WISP1 indicates poor prognosis and regulates cell proliferation and apoptosis in gastric cancer via targeting AKT/mTOR signaling pathway

WISP1 regulated GC cell proliferation and apoptosis in vivo and in vitro through activating AKT/mTOR pathway. WISP1 might be a target in GC therapy.

The WISP1 expressions in GC tissues were detected using immunohistochemistry and qRT-PCR. The connection between GC prognosis and WISP1 expression was analyzed via Pearson's χ2 test. The WISP1 expressions were down-regulated in GC cells through siWISP1 transfection. Colony formation assay and cell counting kit-8 assay were carried out to measure cell colony formation and proliferation, respectively. Flow cytometry was operated to examine the cell cycle and apoptosis. The protein expressions in our study were assessed using western blot. The AKT pathway was blocked by LY294002 treatment and then the cell activities were assessed. Furthermore, GC mice models were established to investigate the effects of WISP1 on GC in vivo.

Gastric cancer (GC) is a serious threat to human health. We aimed to explore the effects of Wnt1 induced signaling protein 1 (WISP1) on GC.
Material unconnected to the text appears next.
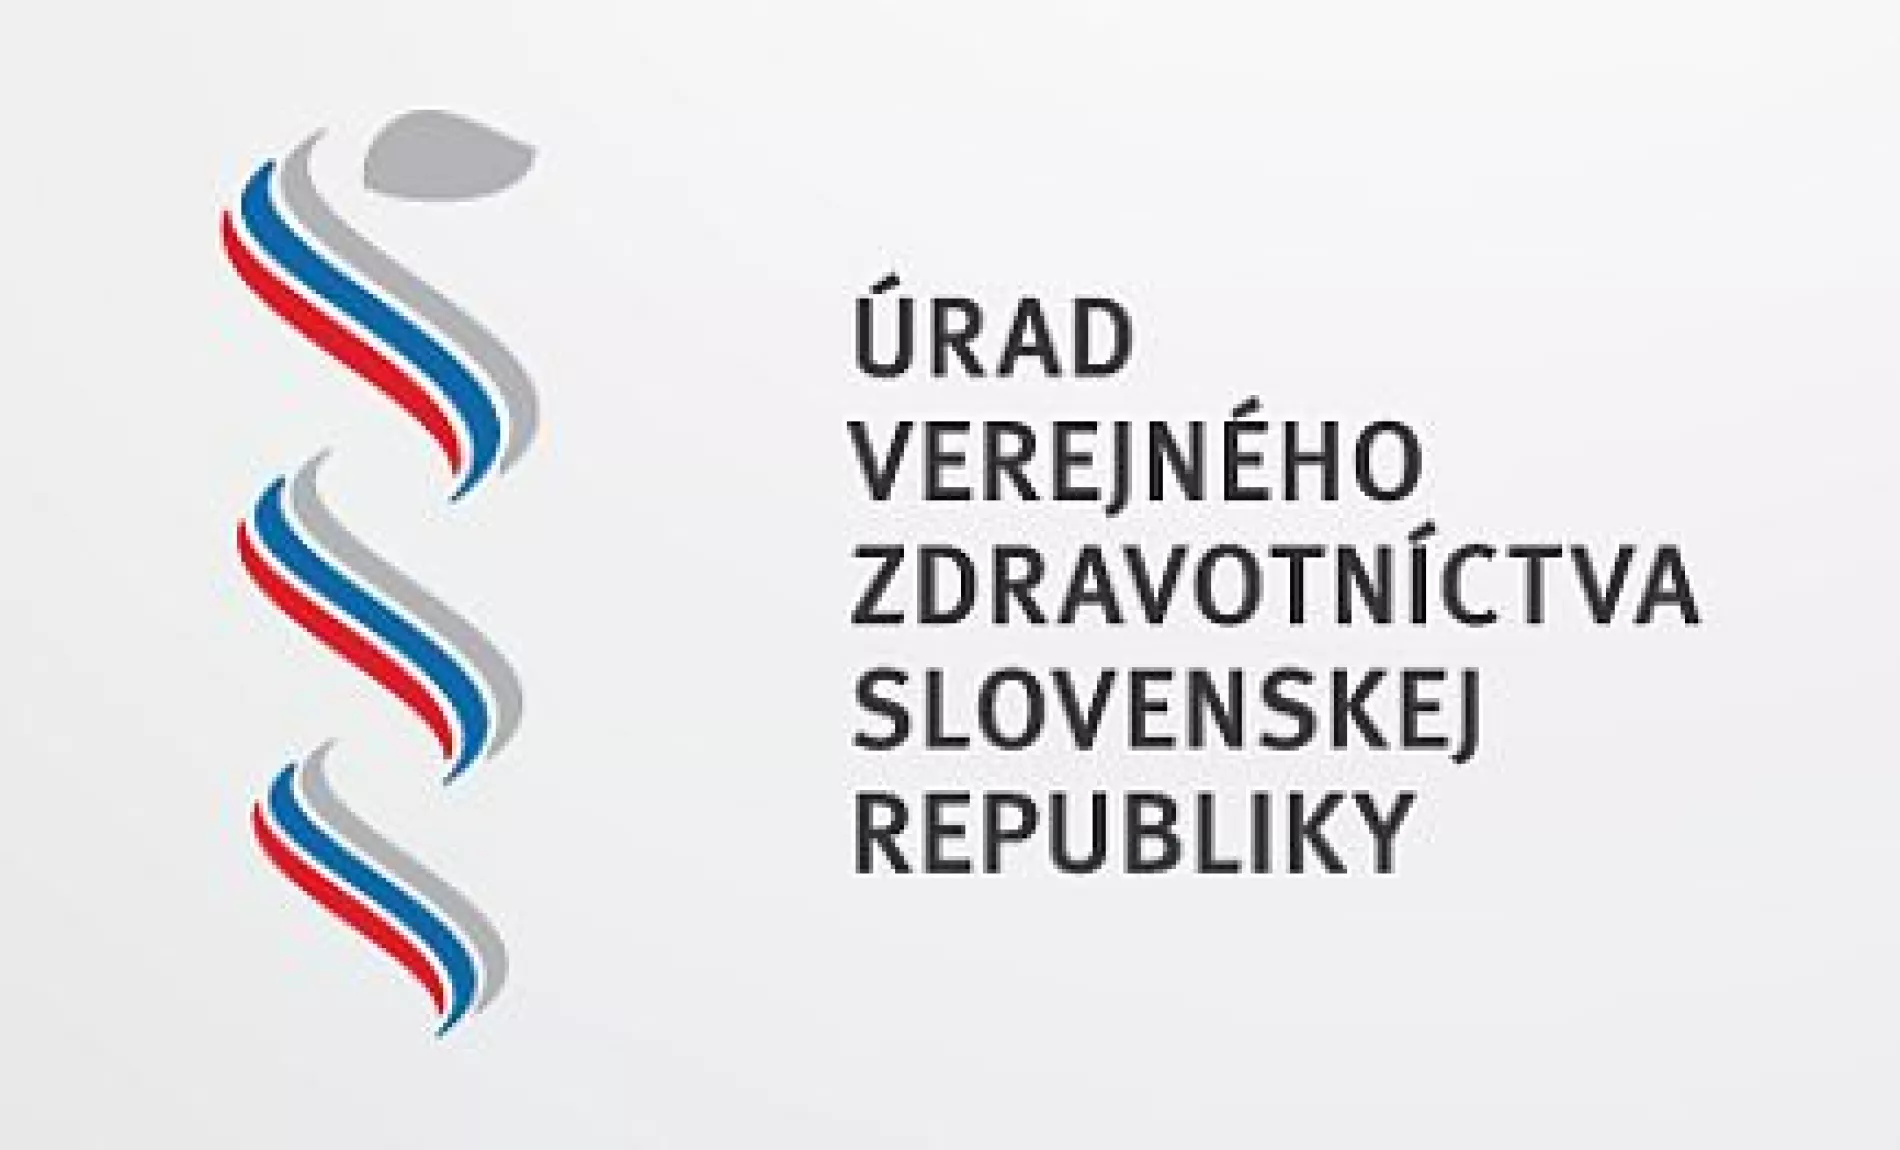 Úrad verejného zdravotníctva Slovenskej republiky: OPATRENIA v súvislosti s pandémiou COVID-19 od 1.10.2020 do odvolania

We found that WISP1 was highly expressed in GC cells and tissues. The up-regulation of WISP1 was related to poor prognosis of GC patients. WISP1 down-regulation reduced colony formation and cell proliferation, resulted cell cycle arrest and promoted cell apoptosis in GC. WISP1 knockdown suppressed AKT/mTOR pathway activity. LY294002 treatment recovered the decreases of colony formation and cell proliferation, arrest of cell cycle and increase of cell apoptosis which were induced by WISP1 knockdown. WISP1 down-regulation repressed GC tumor growth and enhanced tumor apoptosis in vivo.